The knife used to kill Claire Josephs
The knife used to kill Claire Josephs

Roger Payne protested his innocence, claiming that police tampered with the evidence. However, at his trail in London’s Old Bailey, he was sentenced to life. It was the first English murder case where prosecutors obtained a conviction on forensic evidence alone.

Epilogue

Roger Payne refused to admit to the crime, which may explain why he was repeatedly denied parole. After his eighth failure to secure parole in 1991, he absconded while on unescorted leave from prison. (One wonders why prison authorities would allow a convicted murder unescorted leave).

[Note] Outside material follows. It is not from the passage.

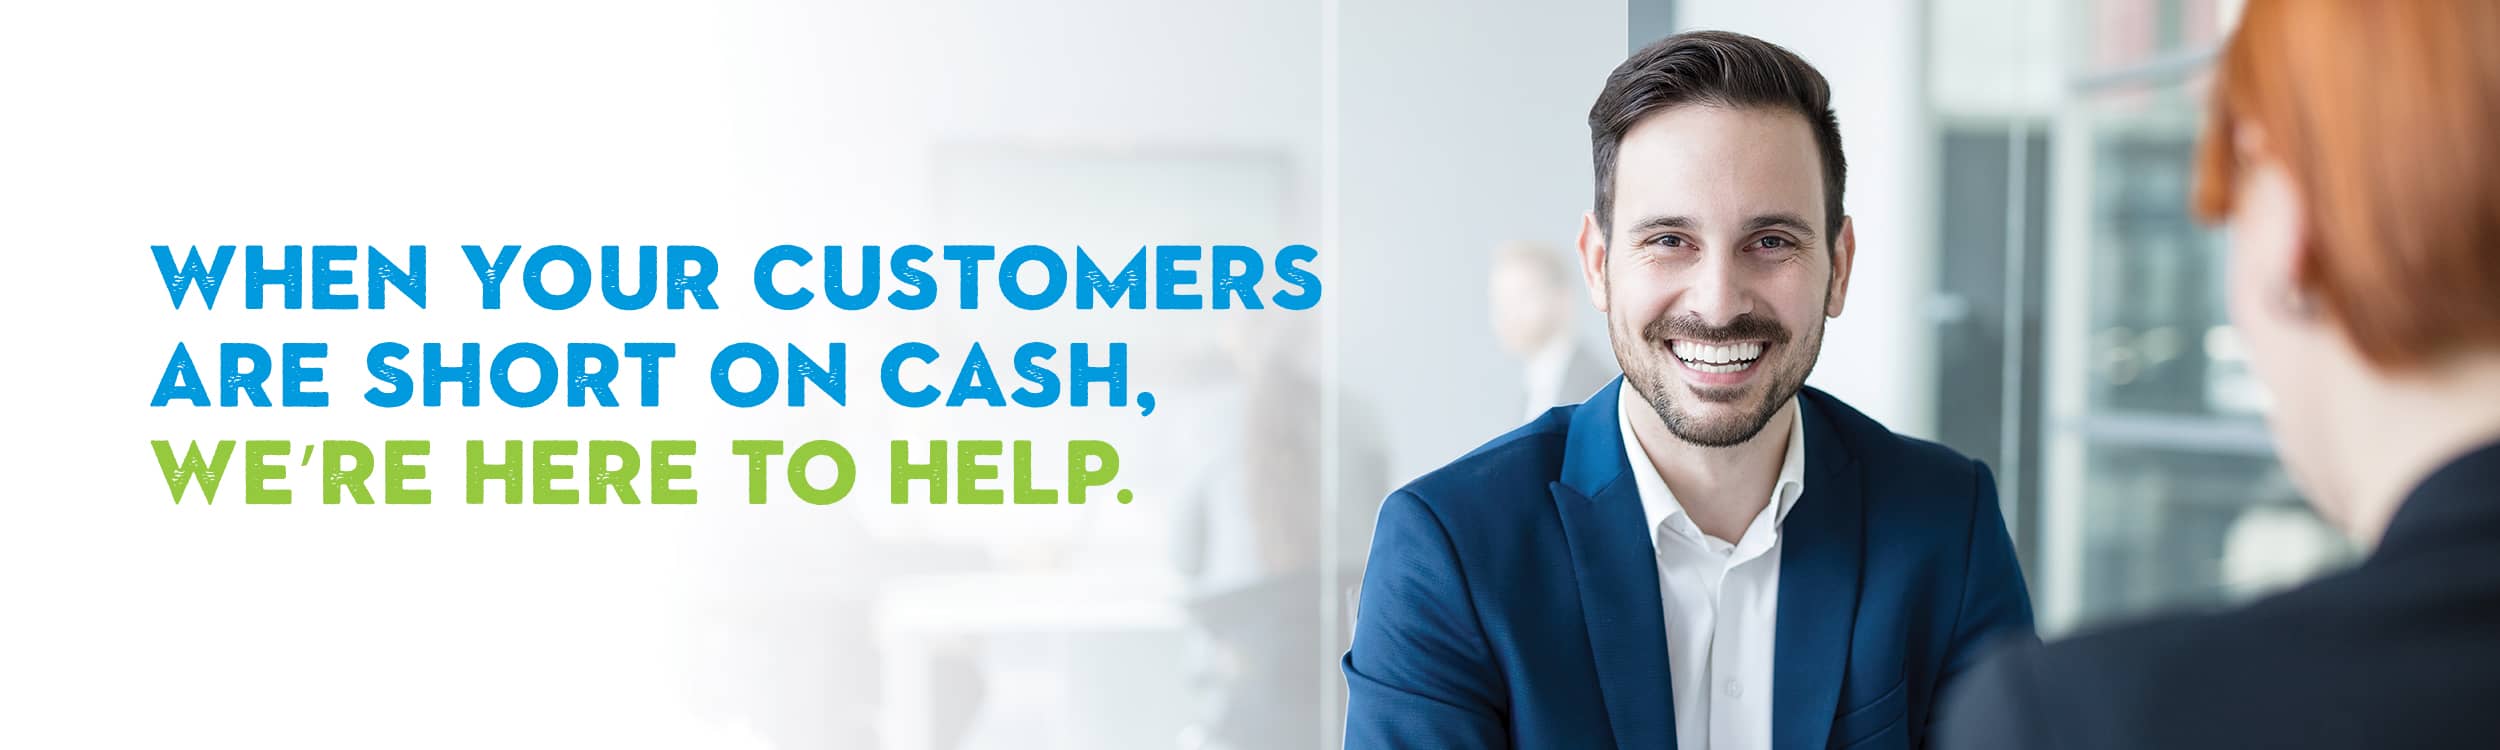 When your customers are short on cash, we’re here to help.
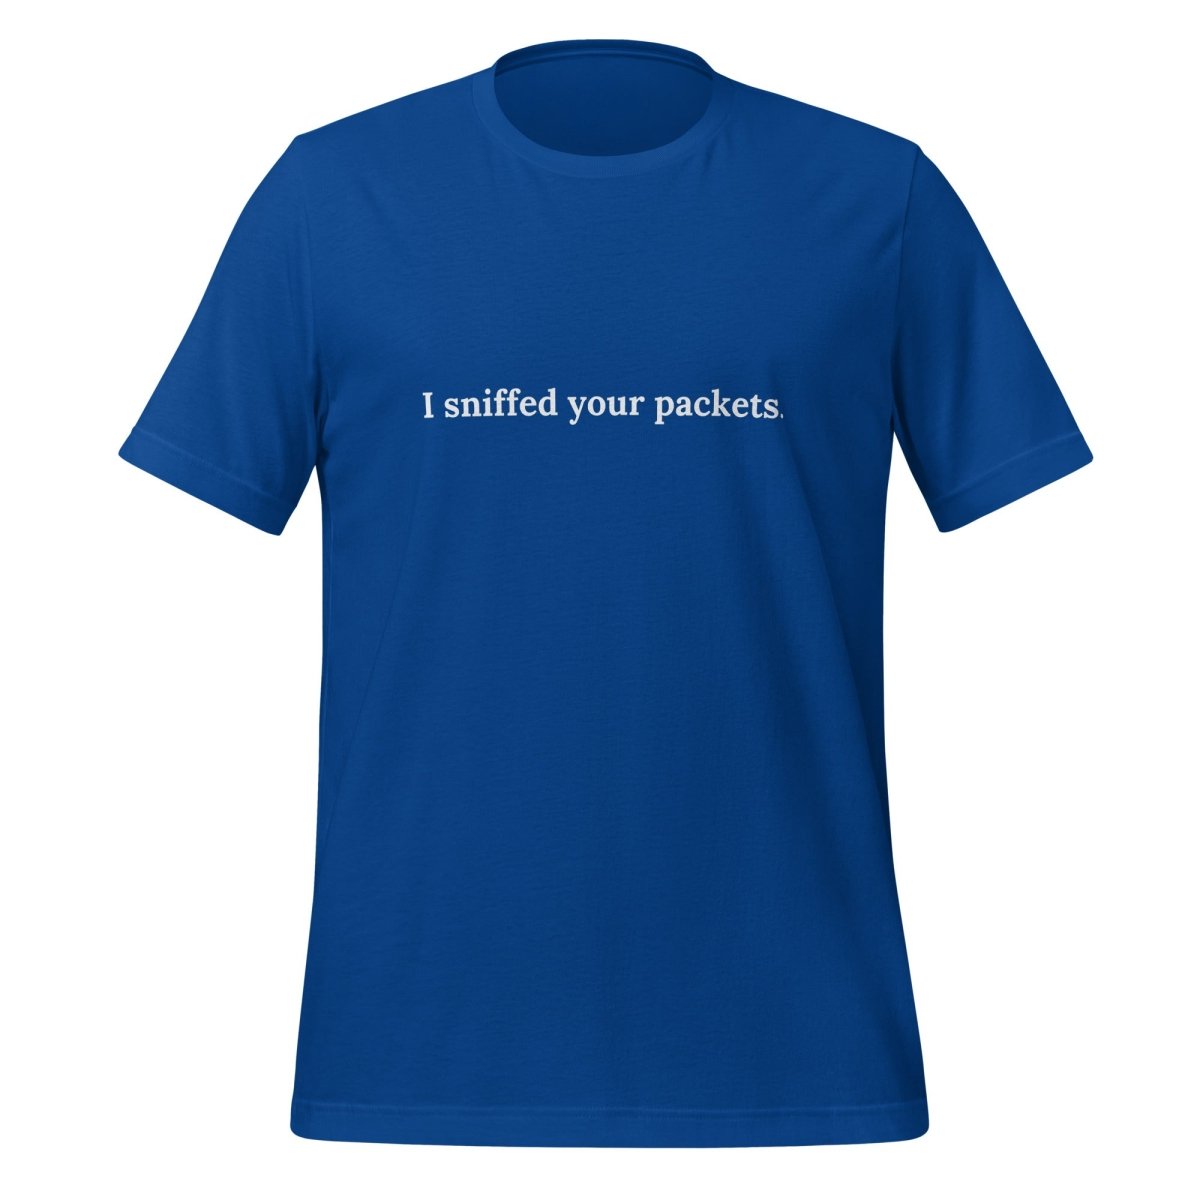 I Sniffed Your Packets T - Shirt (unisex) - True Royal - AI Store

After spending some time in Bristol, Payne settled in Lydney, Gloucestershire. He dyed his hair to hide the gray and look younger, wore fine clothes, and drove an expensive car. Payne also gave himself a new name: Thomas Fairfax. The name came from the commander of the Parliamentary army during the English Civil War.

As “Thomas Fairfax,” Payne began hanging out with the elite of Lydney. In early 1994, he met and began a romance with a married woman named Ruth Ellis. (Side note: a different Ruth Ellis was the last woman hanged in England, for murdering her lover). Distraught, Ruth’s husband, John, eventually committed suicide. Perhaps the scandal surrounding John’s death had something do to with it, perhaps not. But someone tipped off police that “Fairfax” and Roger Payne were one and the same..

As of 2020, Roger Payne resides in HMP Oakwood. Now that parole is a real possibility, he no longer wants out.

In 2014, author Joy Grant Hill published a book about the case, Lifer: 45 Years in Her Majesty’s Prisons.